Tone It Up Bombshell Spell after a funky 4 mile run
- Protein pancake (I wasn’t kidding I’ve been eating these so much lately) with banana inside and peanut butter, strawberries, cacao nibs, coconut, and granola on top. I went a little nutty with the toppings
- Served with Hazelnut Teeccino (decaf coffee replacement) and almond milk…doesn’t it look cool?
- I’m not gonna lie – as much as I am obsessed with protein pancakes – I really really miss breakfast smoothies (or being able to drink any smoothies before 4pm). 4 days of the week (sometimes 5) I can’t use the blender during the day because my husband is sleeping (he works 6pm-6am). He says it’s ok and he won’t mind but the Vitamix is LOUD and he is GRUMPY if he gets woken up so I just avoid it. He will be going back to the day shift next week (YAY!) and I am going to make the shit outta some smoothies…just you watch.
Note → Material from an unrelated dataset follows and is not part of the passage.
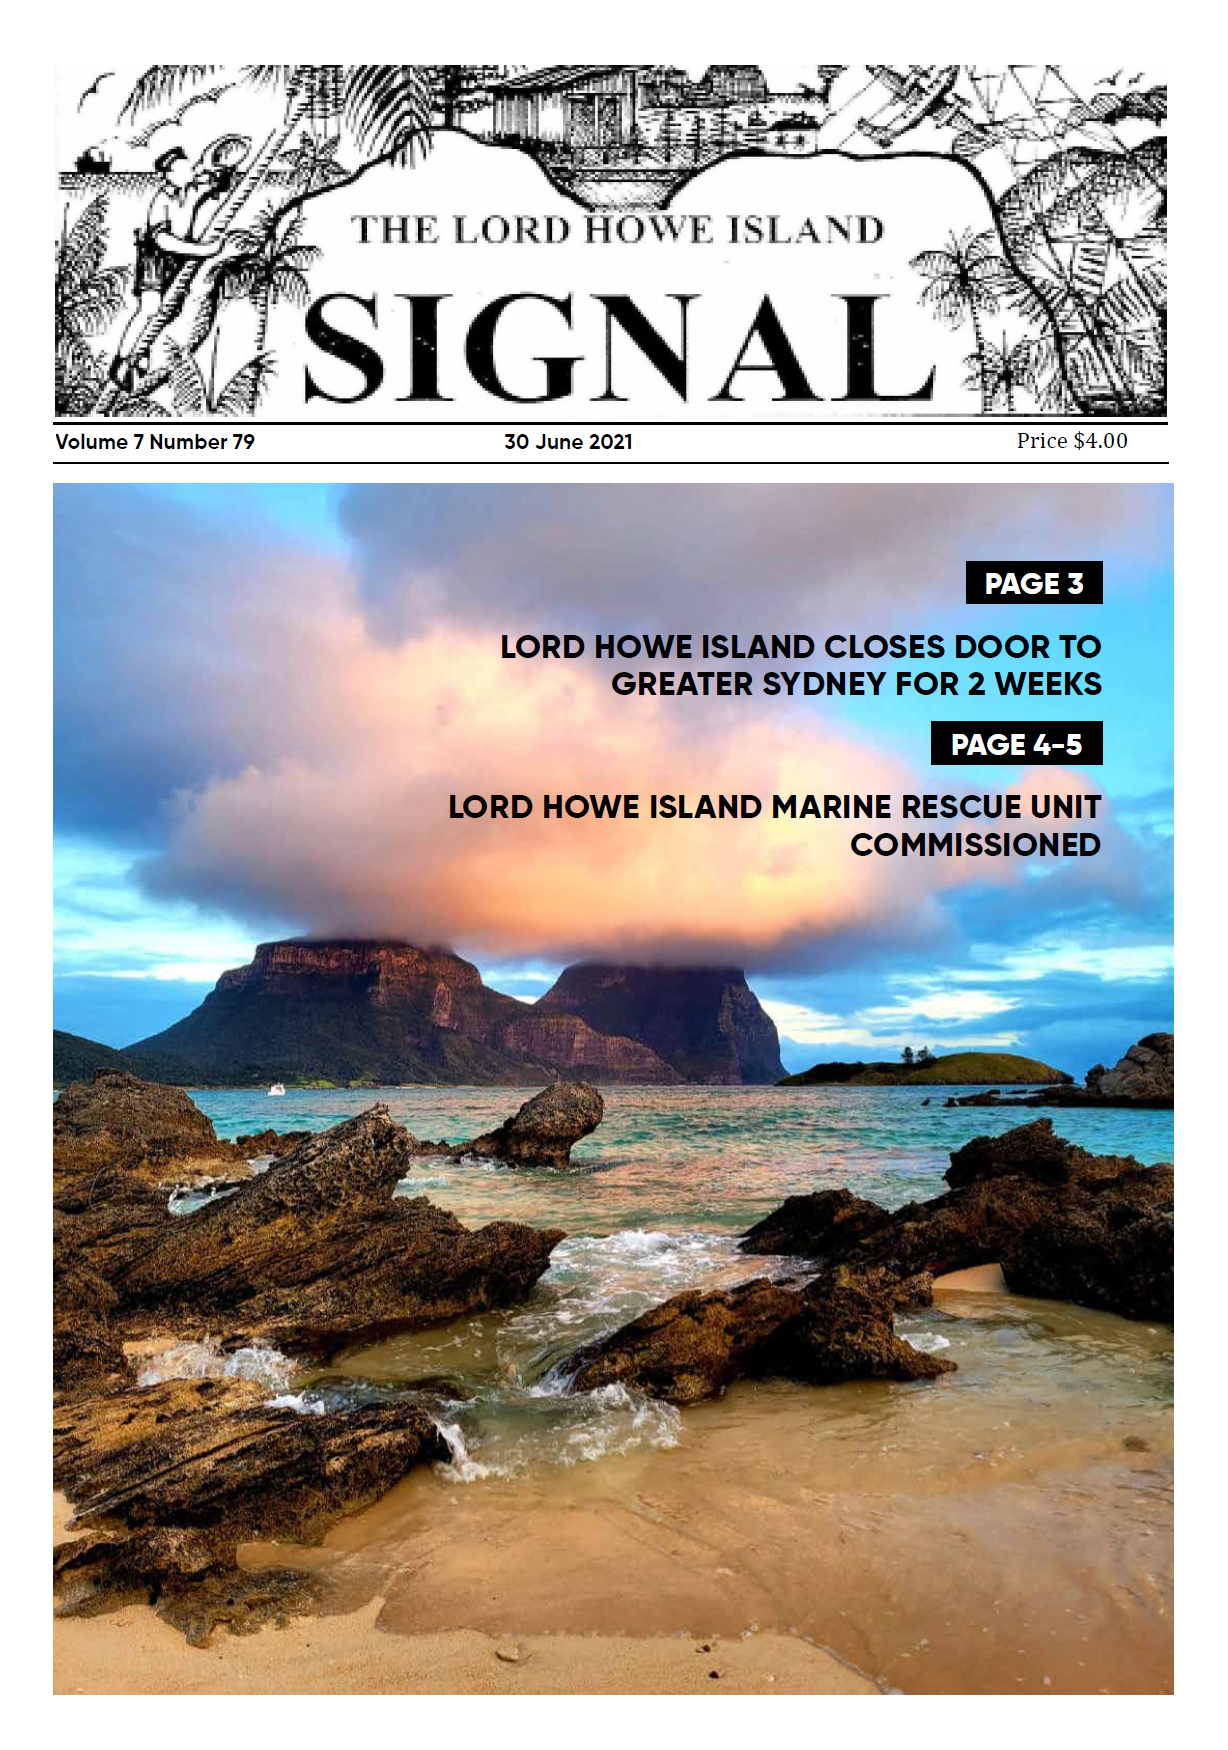 The Lord Howe Island Signal 30 June 2021

- A couple of raw macaroons…I’ve been doing some experimenting and will share the recipes with you sometime soon
- It’s getting hot here so I was in the mood for some fresh produce. Enter the Big Ass Salad – romaine, spinach, pepper, onion, carrot, cucumber, tomato, sunflower seeds, and crumbled triscuts. Served with a balsamic dressing I whisked together using olive oil, balsamic vinegar, lemon juice, and grainy mustard.
- Delicious peach on the side
- Meant to make a new recipe but followed my cravings instead.
- Veggie burger and roasted sweet potatoes….a classic favorite!
- No picture, but I had some vegan chocolate chip cookies for dessert. I tweaked a recipe and managed to make a dozen cookies with only 1/4 cup sugar! I thought that was pretty good. My next experiment will be to make with with no sugar at all…hopefully they still taste good.
Warm-up – 10 minute Stairmill (I don’t know if I was using this machine right, I felt like a total idiot)
Upper body (3 rounds)
- Slow alternating bicep curls (x40) – I stepped up my weight today to 17.5lbs! Goal is to be able to use 30lb weights one day (Is this doable? Am I aiming too low?)
- Balance row (x10/leg) – balance on one leg and do an upward row with both arms. Make sure to breath to help maintain balance. (check how to here)
- Incline chest press (x20)
- Tricep raise (x20)
- Lat pullover (x20)
- L raises with lighter dumbbells (x20) I used 8lbs for these
- Pushups with medicine ball (x2)
Core (3 rounds)
- Reverse plank with leg raises (x30)
- Oblique v-up crunches (x15/side)
- Crunches on balance disc (x40) – these hurt so good!
- Tummy tucks (x40)
- Weighted toe taps (x30)
Follow up cardio – 20 minutes elliptical with high resistance
Affirmation Catch Up
Almost halfway through my June Affirmation Challenge. You can see my positive affirmations for June 1-5 here. I am loving my daily affirmations – sometimes they come easily and other times I really have to think about what I want it to be…it is definitely a great exercise in self-love.
- June 6: I accept the love I think I deserve.
- June 7: I have the strength to be confident with who I am.
- June 8: I will make the best of every situation today.
- June 9: I am so very loved.
- June 10: I am desirable.
- June 11: I have the power to do anything that I want, I just have to do it!
- June 12: Something good will happen, because it has to happen.
- June 13: I will persevere with optimism and enthusiasm.
Do you have a favorite affirmation? Please share!